If you ground your boat, You WILL increase the odds of getting hit. I do not know how this can be an argument. Electricity looks for the easiest path to ground. Now that being said, not grounding your boat does NOT mean you will not get hit. Martha Bliss has a Catalina 400 that is not grounded. She has been hit twice, though I do not think either was a direct strike.
Lightning does not have to hit your boat to take everything out. All it has to do is hit close.
To ground or not to ground is a very debated subject. Most offshore boats (Valiant, etc) ground. If you are out at sea in a storm, you are probably the highest point out there. I find most production/coastal cruisers do not ground.

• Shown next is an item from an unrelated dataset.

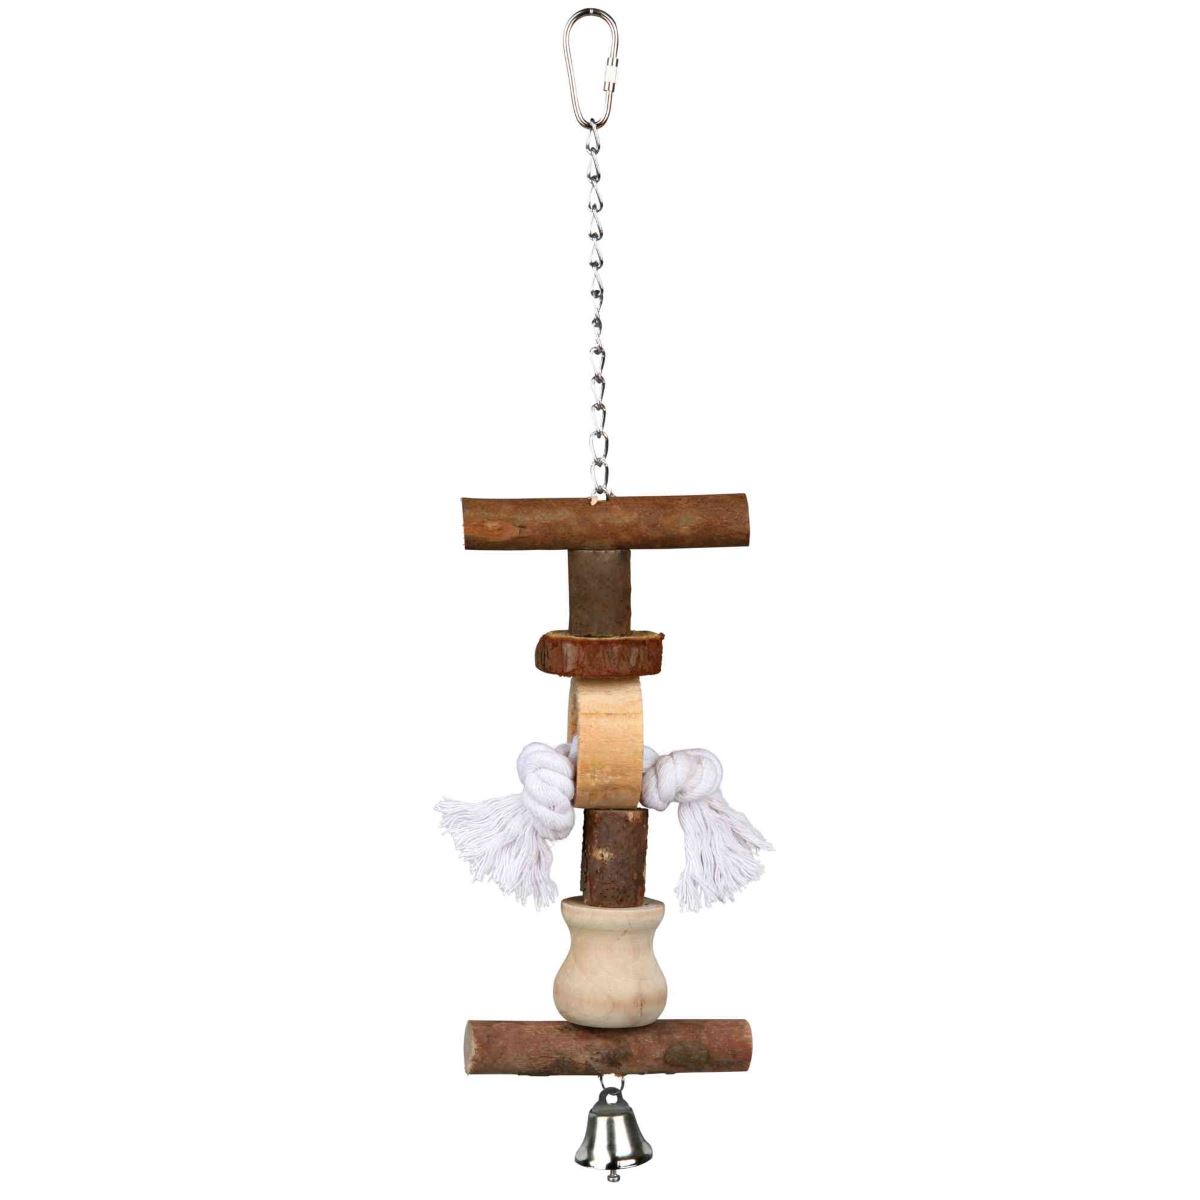 Игрушка для птиц с колокольчиком и веревочкой, 38 см, Trixie (58962)

If I were going offshore a bunch, I would ground my boat. You are increasing your chances of being struck, but will give the lightning a clear exit point from the boat likely reducing the possibility of serious damage. If I were going to be coastal primarily and in areas where there should be taller objects, I would not.
Another option (and this one is very debatable) is to put a charge dissipating item on top of your mast. It looks like a metal bottle brush. THere are better ones and worse ones, but in general the theory is that it diddpiates the charge build up the preminates a strike. Thus, your neighbor gets struck!!! Ha! Ha!
I did put one of these on my last boat in S Florida and I never got struck. S Florida has got to be the lightning capitol of the country. THat being said, was that because of the disspator or was it because I was just lucky???? Who knows.
PS If you do use the disspator, you are SUPPOSED to ground your stick. I could not bring myeself to do that. I preferred running to the other side of the marina, throwing a chain around the forestay of another owners boat, and tossing the other end in the water. He never could figure out why he got struck so much. I told him to try a dissipator, it might help.